Source information:
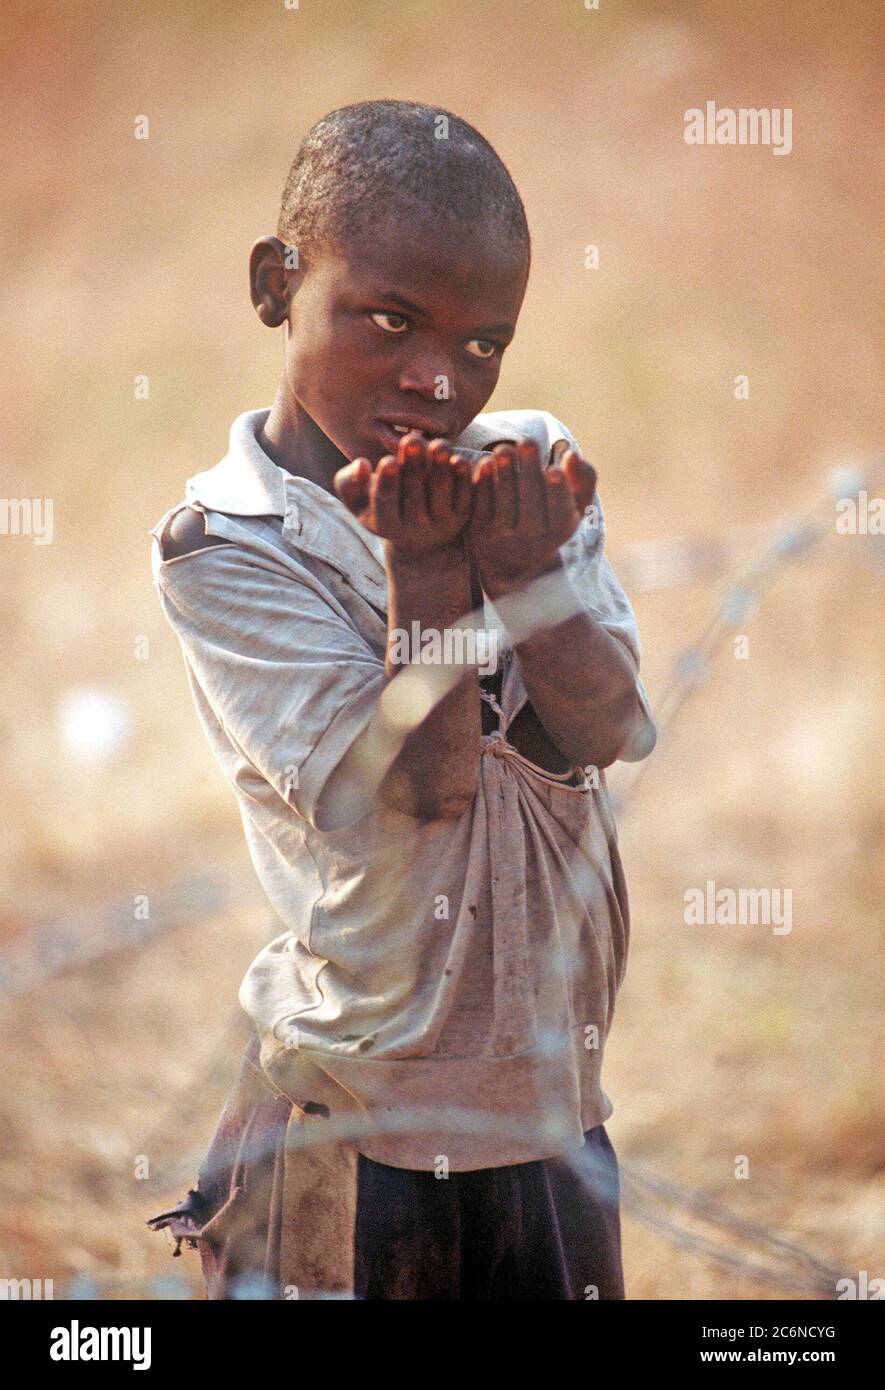 1994 Zaire - A small Rwandan refugee begs for food from United Nations personnel at the Kibumba refugee camp.  He is one of the estimated 1.2 million Rwandan refugees fled to Zaire after a civil war erupted in their country. Stock Photo
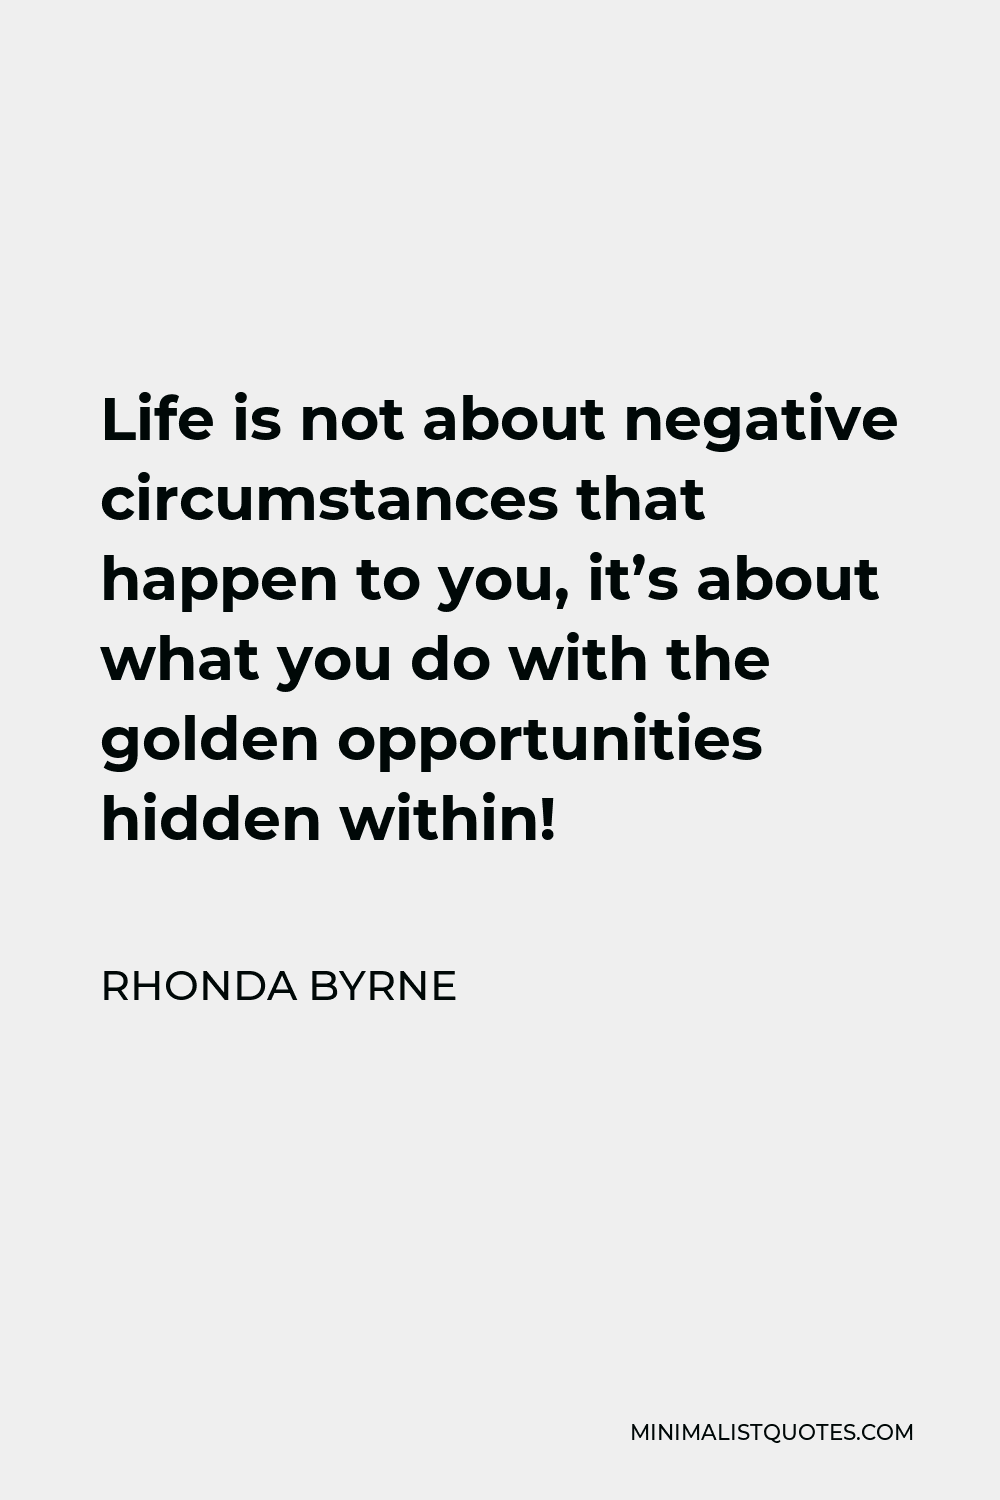 Rhonda Byrne Quote - Life is not about negative circumstances that happen to you, it’s about what you do with the golden opportunities hidden within!
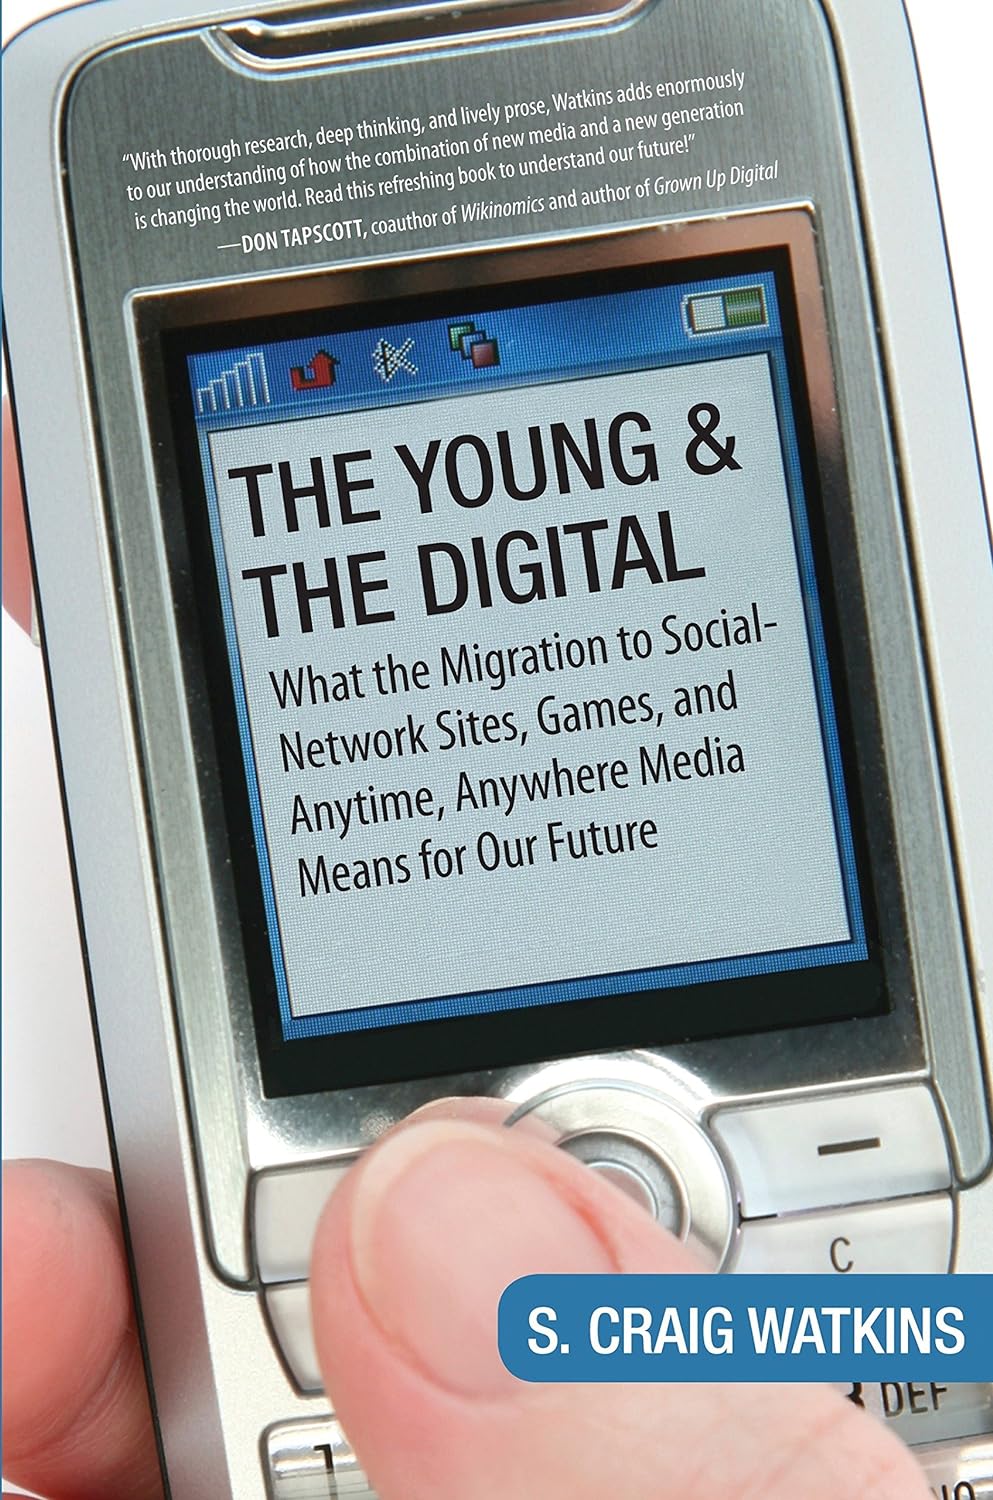 The Young and the Digital: What the Migration to Social Network Sites, Games, and Anytime, Anywhere Media Means for our Future, by S. Craig Watkins
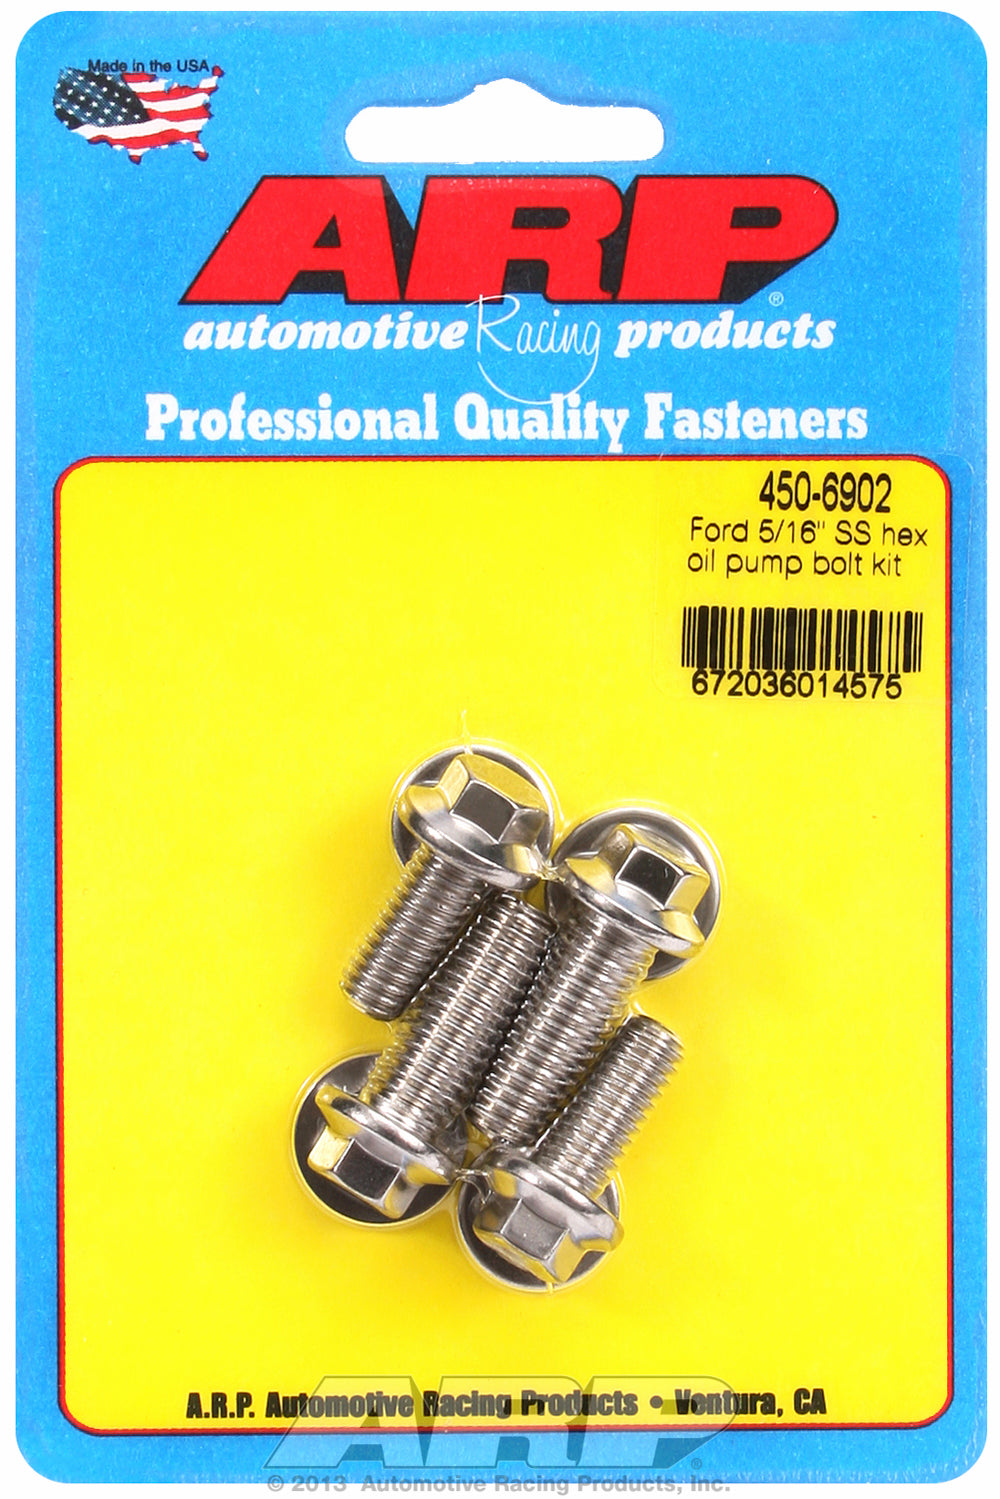 Oil Pump Bolt Kit for Ford 3/8˝ & 5/16˝ 4 piece bolt kit Stainless - Hex Head
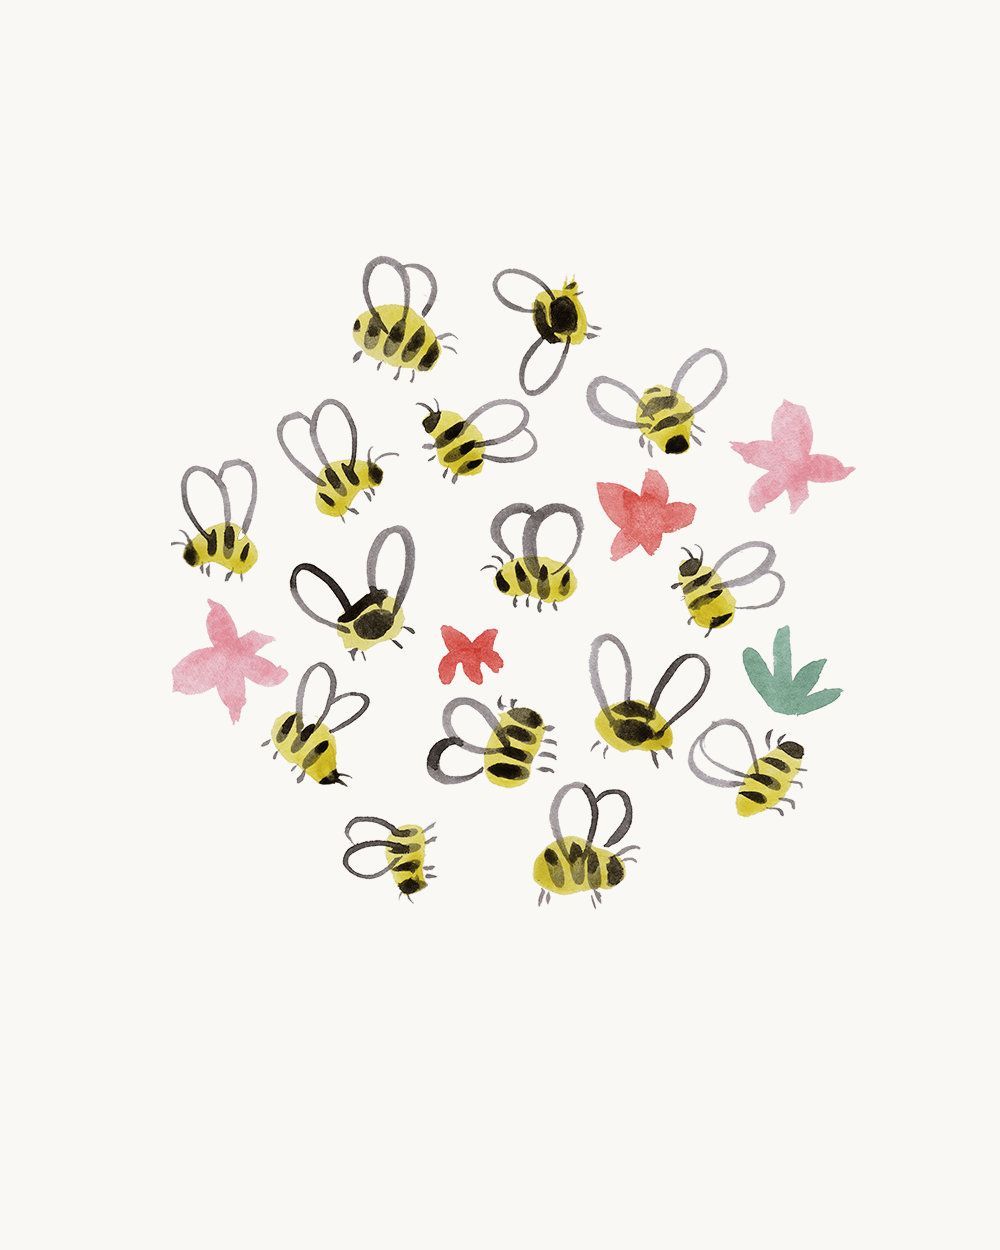 Worker Bee Save The Bees Manchester Bee Print A4 A5. Etsy. Bee Print, Save The Bees, Bee Illustration

Exercise aim: Only the pictures are to be dropped; all other material above must be repeated exactly.

Output for this exercise:
 1994 Zaire - A small Rwandan refugee begs for food from United Nations personnel at the Kibumba refugee camp.  He is one of the estimated 1.2 million Rwandan refugees fled to Zaire after a civil war erupted in their country. Stock Photo
 Rhonda Byrne Quote - Life is not about negative circumstances that happen to you, it’s about what you do with the golden opportunities hidden within!
 The Young and the Digital: What the Migration to Social Network Sites, Games, and Anytime, Anywhere Media Means for our Future, by S. Craig Watkins
 Oil Pump Bolt Kit for Ford 3/8˝ & 5/16˝ 4 piece bolt kit Stainless - Hex Head
 Worker Bee Save The Bees Manchester Bee Print A4 A5. Etsy. Bee Print, Save The Bees, Bee Illustration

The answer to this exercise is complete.